(EXERCISE DETAILS): What is needed here is an exact copy of all the entries below.

Records drawn from a dataset:

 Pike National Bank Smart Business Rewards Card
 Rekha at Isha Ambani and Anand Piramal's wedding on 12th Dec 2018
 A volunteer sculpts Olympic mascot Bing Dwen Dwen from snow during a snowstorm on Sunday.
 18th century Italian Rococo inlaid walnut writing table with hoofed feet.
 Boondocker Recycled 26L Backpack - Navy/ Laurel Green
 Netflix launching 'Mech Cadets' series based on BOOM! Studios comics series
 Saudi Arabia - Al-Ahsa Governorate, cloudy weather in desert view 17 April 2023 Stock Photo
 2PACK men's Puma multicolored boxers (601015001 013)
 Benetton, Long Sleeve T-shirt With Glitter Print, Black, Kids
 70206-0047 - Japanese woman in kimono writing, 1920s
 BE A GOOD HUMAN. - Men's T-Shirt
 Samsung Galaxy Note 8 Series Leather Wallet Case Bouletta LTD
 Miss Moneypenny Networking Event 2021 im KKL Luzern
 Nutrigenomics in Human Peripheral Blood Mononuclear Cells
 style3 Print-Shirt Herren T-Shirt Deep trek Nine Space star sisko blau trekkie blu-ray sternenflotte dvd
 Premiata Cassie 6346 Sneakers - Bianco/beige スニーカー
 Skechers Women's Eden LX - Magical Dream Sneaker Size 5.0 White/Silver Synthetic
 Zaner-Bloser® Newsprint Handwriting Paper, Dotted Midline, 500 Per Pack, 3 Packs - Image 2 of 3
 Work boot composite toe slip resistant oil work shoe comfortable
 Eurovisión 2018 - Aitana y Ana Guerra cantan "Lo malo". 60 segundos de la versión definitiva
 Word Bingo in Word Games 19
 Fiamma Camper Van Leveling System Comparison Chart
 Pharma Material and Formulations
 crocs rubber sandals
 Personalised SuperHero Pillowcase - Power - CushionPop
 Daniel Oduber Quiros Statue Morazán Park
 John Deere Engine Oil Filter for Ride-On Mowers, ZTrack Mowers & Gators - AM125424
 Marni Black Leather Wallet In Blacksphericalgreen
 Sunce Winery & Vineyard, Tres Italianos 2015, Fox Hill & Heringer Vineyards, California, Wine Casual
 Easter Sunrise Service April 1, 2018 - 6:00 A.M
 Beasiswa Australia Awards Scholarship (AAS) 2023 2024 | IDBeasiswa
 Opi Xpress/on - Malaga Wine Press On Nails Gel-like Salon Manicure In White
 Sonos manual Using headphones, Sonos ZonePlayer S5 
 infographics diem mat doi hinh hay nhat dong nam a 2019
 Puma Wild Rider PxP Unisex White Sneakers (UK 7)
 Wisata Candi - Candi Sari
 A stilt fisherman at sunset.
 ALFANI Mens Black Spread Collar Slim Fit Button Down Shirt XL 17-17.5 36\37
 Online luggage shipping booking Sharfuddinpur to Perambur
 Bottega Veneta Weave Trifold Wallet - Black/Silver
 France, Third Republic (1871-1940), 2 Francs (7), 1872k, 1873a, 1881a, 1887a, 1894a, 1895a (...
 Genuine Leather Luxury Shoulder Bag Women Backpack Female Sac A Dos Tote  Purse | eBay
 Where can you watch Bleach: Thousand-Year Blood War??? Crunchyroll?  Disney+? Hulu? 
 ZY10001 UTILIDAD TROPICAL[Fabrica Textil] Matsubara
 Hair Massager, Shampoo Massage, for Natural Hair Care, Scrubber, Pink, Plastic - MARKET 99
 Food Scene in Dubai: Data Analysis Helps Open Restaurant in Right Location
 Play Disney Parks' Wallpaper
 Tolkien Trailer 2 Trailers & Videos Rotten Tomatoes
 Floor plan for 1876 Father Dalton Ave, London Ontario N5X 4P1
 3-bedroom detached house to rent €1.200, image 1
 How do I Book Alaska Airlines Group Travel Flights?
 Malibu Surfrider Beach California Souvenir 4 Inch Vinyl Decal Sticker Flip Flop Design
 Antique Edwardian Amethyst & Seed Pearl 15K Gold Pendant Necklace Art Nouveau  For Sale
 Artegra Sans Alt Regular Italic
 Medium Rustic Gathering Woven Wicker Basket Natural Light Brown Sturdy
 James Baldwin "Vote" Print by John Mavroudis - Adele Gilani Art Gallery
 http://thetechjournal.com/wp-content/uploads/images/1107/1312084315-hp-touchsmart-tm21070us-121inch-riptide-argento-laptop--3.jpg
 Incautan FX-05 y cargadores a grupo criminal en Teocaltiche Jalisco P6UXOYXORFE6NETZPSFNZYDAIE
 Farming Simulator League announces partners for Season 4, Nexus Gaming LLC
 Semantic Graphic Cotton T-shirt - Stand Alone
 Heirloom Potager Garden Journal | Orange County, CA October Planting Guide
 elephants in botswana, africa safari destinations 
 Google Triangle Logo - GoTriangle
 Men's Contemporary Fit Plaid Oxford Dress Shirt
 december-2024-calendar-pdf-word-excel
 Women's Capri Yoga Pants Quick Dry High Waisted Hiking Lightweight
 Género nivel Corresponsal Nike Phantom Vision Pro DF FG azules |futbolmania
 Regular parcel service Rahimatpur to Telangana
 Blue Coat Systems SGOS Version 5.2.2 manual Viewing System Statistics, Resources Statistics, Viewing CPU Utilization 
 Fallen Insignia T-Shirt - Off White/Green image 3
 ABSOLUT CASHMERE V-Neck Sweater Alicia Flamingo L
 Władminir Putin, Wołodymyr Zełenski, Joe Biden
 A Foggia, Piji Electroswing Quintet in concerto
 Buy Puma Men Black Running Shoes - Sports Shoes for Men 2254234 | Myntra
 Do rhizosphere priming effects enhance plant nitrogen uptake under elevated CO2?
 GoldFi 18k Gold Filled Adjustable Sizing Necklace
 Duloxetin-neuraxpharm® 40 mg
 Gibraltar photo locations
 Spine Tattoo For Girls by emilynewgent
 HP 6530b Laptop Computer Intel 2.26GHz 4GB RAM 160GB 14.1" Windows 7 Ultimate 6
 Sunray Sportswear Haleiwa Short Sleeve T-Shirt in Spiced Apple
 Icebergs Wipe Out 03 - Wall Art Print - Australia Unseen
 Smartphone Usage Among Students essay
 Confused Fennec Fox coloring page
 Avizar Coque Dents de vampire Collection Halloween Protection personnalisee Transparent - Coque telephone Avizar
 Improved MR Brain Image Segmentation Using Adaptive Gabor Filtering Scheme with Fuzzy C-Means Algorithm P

(SOLUTION FOR THIS TASK):
 Pike National Bank Smart Business Rewards Card
 Rekha at Isha Ambani and Anand Piramal's wedding on 12th Dec 2018
 A volunteer sculpts Olympic mascot Bing Dwen Dwen from snow during a snowstorm on Sunday.
 18th century Italian Rococo inlaid walnut writing table with hoofed feet.
 Boondocker Recycled 26L Backpack - Navy/ Laurel Green
 Netflix launching 'Mech Cadets' series based on BOOM! Studios comics series
 Saudi Arabia - Al-Ahsa Governorate, cloudy weather in desert view 17 April 2023 Stock Photo
 2PACK men's Puma multicolored boxers (601015001 013)
 Benetton, Long Sleeve T-shirt With Glitter Print, Black, Kids
 70206-0047 - Japanese woman in kimono writing, 1920s
 BE A GOOD HUMAN. - Men's T-Shirt
 Samsung Galaxy Note 8 Series Leather Wallet Case Bouletta LTD
 Miss Moneypenny Networking Event 2021 im KKL Luzern
 Nutrigenomics in Human Peripheral Blood Mononuclear Cells
 style3 Print-Shirt Herren T-Shirt Deep trek Nine Space star sisko blau trekkie blu-ray sternenflotte dvd
 Premiata Cassie 6346 Sneakers - Bianco/beige スニーカー
 Skechers Women's Eden LX - Magical Dream Sneaker Size 5.0 White/Silver Synthetic
 Zaner-Bloser® Newsprint Handwriting Paper, Dotted Midline, 500 Per Pack, 3 Packs - Image 2 of 3
 Work boot composite toe slip resistant oil work shoe comfortable
 Eurovisión 2018 - Aitana y Ana Guerra cantan "Lo malo". 60 segundos de la versión definitiva
 Word Bingo in Word Games 19
 Fiamma Camper Van Leveling System Comparison Chart
 Pharma Material and Formulations
 crocs rubber sandals
 Personalised SuperHero Pillowcase - Power - CushionPop
 Daniel Oduber Quiros Statue Morazán Park
 John Deere Engine Oil Filter for Ride-On Mowers, ZTrack Mowers & Gators - AM125424
 Marni Black Leather Wallet In Blacksphericalgreen
 Sunce Winery & Vineyard, Tres Italianos 2015, Fox Hill & Heringer Vineyards, California, Wine Casual
 Easter Sunrise Service April 1, 2018 - 6:00 A.M
 Beasiswa Australia Awards Scholarship (AAS) 2023 2024 | IDBeasiswa
 Opi Xpress/on - Malaga Wine Press On Nails Gel-like Salon Manicure In White
 Sonos manual Using headphones, Sonos ZonePlayer S5 
 infographics diem mat doi hinh hay nhat dong nam a 2019
 Puma Wild Rider PxP Unisex White Sneakers (UK 7)
 Wisata Candi - Candi Sari
 A stilt fisherman at sunset.
 ALFANI Mens Black Spread Collar Slim Fit Button Down Shirt XL 17-17.5 36\37
 Online luggage shipping booking Sharfuddinpur to Perambur
 Bottega Veneta Weave Trifold Wallet - Black/Silver
 France, Third Republic (1871-1940), 2 Francs (7), 1872k, 1873a, 1881a, 1887a, 1894a, 1895a (...
 Genuine Leather Luxury Shoulder Bag Women Backpack Female Sac A Dos Tote  Purse | eBay
 Where can you watch Bleach: Thousand-Year Blood War??? Crunchyroll?  Disney+? Hulu? 
 ZY10001 UTILIDAD TROPICAL[Fabrica Textil] Matsubara
 Hair Massager, Shampoo Massage, for Natural Hair Care, Scrubber, Pink, Plastic - MARKET 99
 Food Scene in Dubai: Data Analysis Helps Open Restaurant in Right Location
 Play Disney Parks' Wallpaper
 Tolkien Trailer 2 Trailers & Videos Rotten Tomatoes
 Floor plan for 1876 Father Dalton Ave, London Ontario N5X 4P1
 3-bedroom detached house to rent €1.200, image 1
 How do I Book Alaska Airlines Group Travel Flights?
 Malibu Surfrider Beach California Souvenir 4 Inch Vinyl Decal Sticker Flip Flop Design
 Antique Edwardian Amethyst & Seed Pearl 15K Gold Pendant Necklace Art Nouveau  For Sale
 Artegra Sans Alt Regular Italic
 Medium Rustic Gathering Woven Wicker Basket Natural Light Brown Sturdy
 James Baldwin "Vote" Print by John Mavroudis - Adele Gilani Art Gallery
 http://thetechjournal.com/wp-content/uploads/images/1107/1312084315-hp-touchsmart-tm21070us-121inch-riptide-argento-laptop--3.jpg
 Incautan FX-05 y cargadores a grupo criminal en Teocaltiche Jalisco P6UXOYXORFE6NETZPSFNZYDAIE
 Farming Simulator League announces partners for Season 4, Nexus Gaming LLC
 Semantic Graphic Cotton T-shirt - Stand Alone
 Heirloom Potager Garden Journal | Orange County, CA October Planting Guide
 elephants in botswana, africa safari destinations 
 Google Triangle Logo - GoTriangle
 Men's Contemporary Fit Plaid Oxford Dress Shirt
 december-2024-calendar-pdf-word-excel
 Women's Capri Yoga Pants Quick Dry High Waisted Hiking Lightweight
 Género nivel Corresponsal Nike Phantom Vision Pro DF FG azules |futbolmania
 Regular parcel service Rahimatpur to Telangana
 Blue Coat Systems SGOS Version 5.2.2 manual Viewing System Statistics, Resources Statistics, Viewing CPU Utilization 
 Fallen Insignia T-Shirt - Off White/Green image 3
 ABSOLUT CASHMERE V-Neck Sweater Alicia Flamingo L
 Władminir Putin, Wołodymyr Zełenski, Joe Biden
 A Foggia, Piji Electroswing Quintet in concerto
 Buy Puma Men Black Running Shoes - Sports Shoes for Men 2254234 | Myntra
 Do rhizosphere priming effects enhance plant nitrogen uptake under elevated CO2?
 GoldFi 18k Gold Filled Adjustable Sizing Necklace
 Duloxetin-neuraxpharm® 40 mg
 Gibraltar photo locations
 Spine Tattoo For Girls by emilynewgent
 HP 6530b Laptop Computer Intel 2.26GHz 4GB RAM 160GB 14.1" Windows 7 Ultimate 6
 Sunray Sportswear Haleiwa Short Sleeve T-Shirt in Spiced Apple
 Icebergs Wipe Out 03 - Wall Art Print - Australia Unseen
 Smartphone Usage Among Students essay
 Confused Fennec Fox coloring page
 Avizar Coque Dents de vampire Collection Halloween Protection personnalisee Transparent - Coque telephone Avizar
 Improved MR Brain Image Segmentation Using Adaptive Gabor Filtering Scheme with Fuzzy C-Means Algorithm P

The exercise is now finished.